About this task. Using the listing below, please print exactly the lines from the one with "размер 32 /TT6297" through the one with "显然, 微软觉得 Surface". Leave out every picture.
══ Source data
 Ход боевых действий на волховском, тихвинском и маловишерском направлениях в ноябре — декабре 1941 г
════
══ Source data
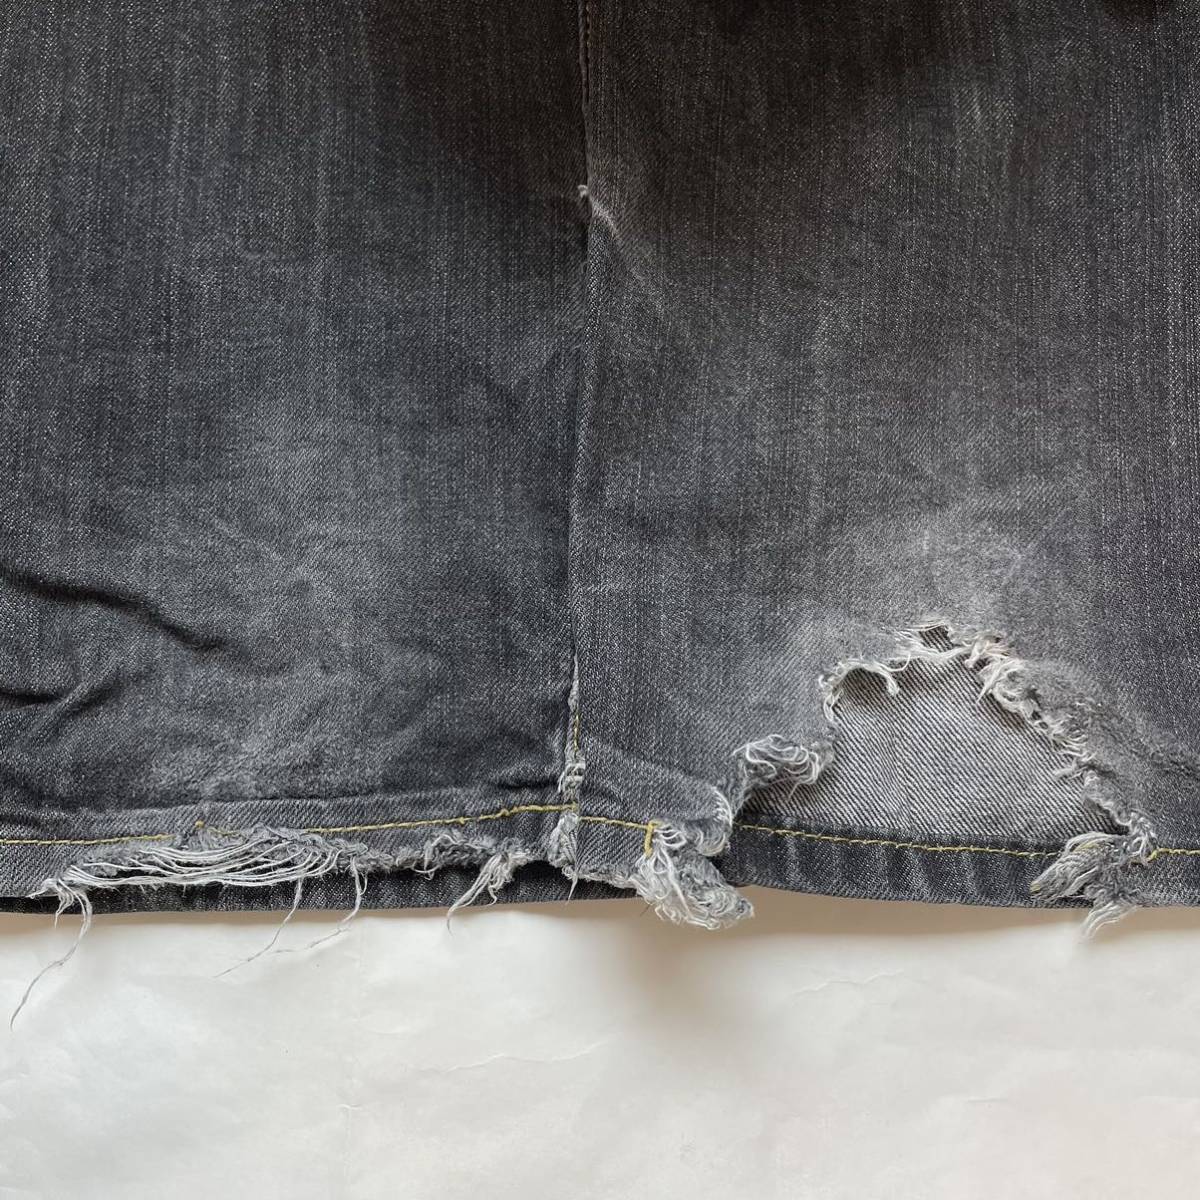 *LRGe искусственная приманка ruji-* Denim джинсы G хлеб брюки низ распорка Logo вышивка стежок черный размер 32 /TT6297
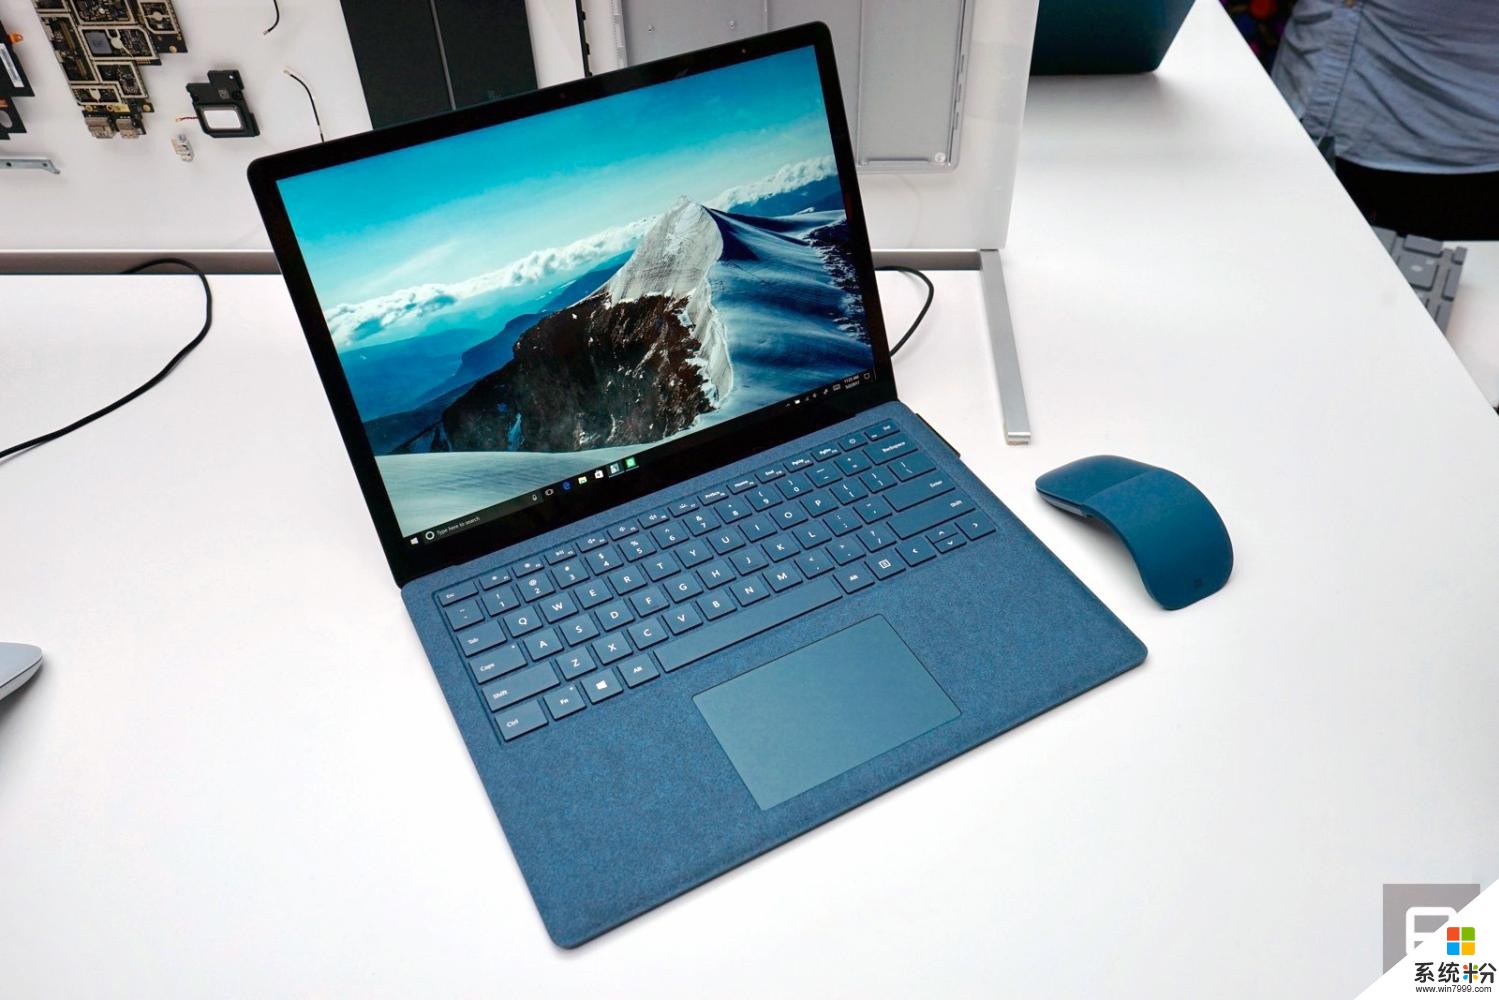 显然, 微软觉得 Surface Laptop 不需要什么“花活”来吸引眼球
════
══ Source data
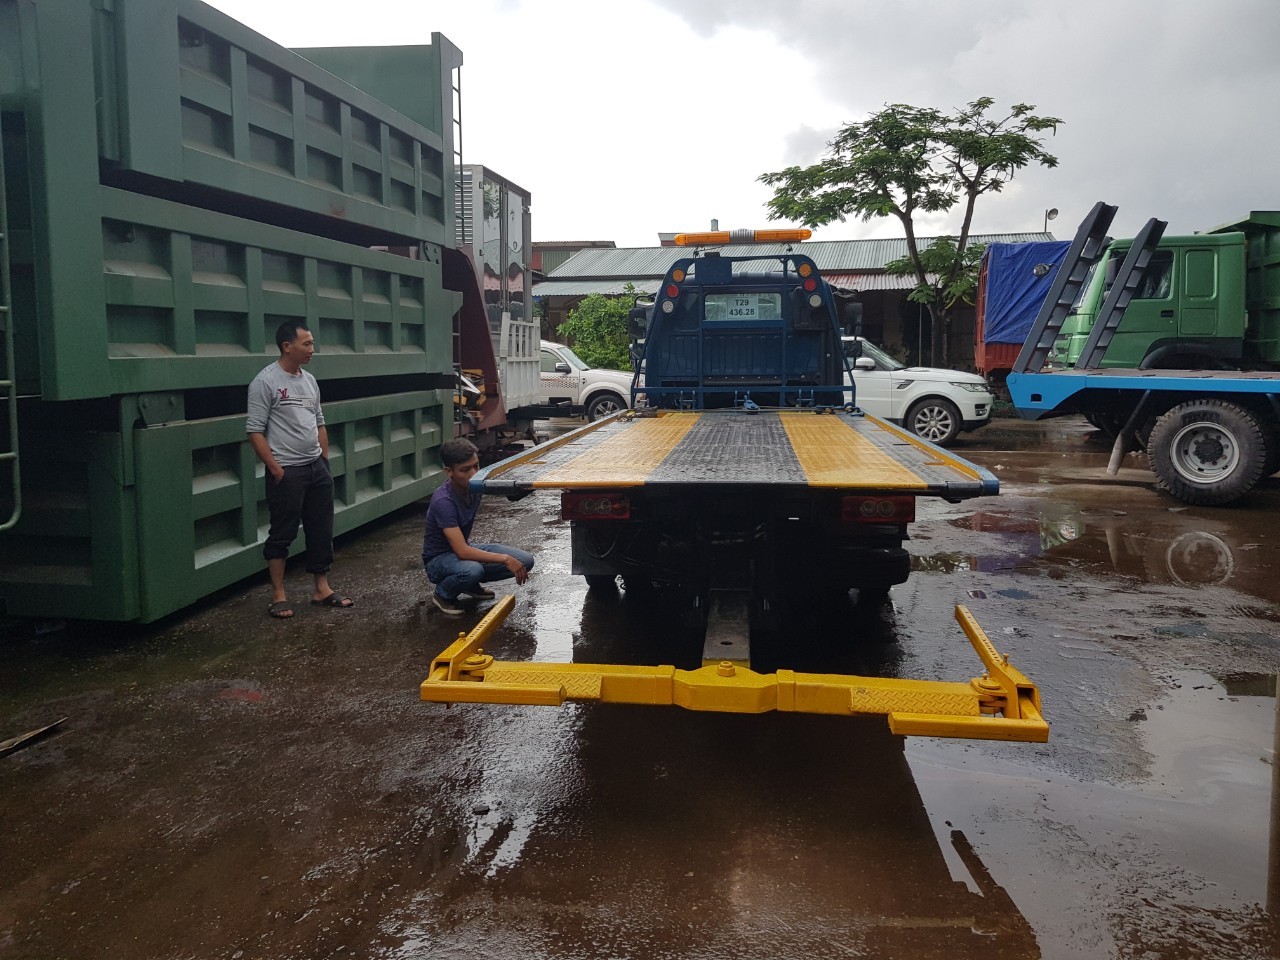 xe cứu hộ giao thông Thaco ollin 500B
════
Output below.
 *LRGe искусственная приманка ruji-* Denim джинсы G хлеб брюки низ распорка Logo вышивка стежок черный размер 32 /TT6297
 显然, 微软觉得 Surface Laptop 不需要什么“花活”来吸引眼球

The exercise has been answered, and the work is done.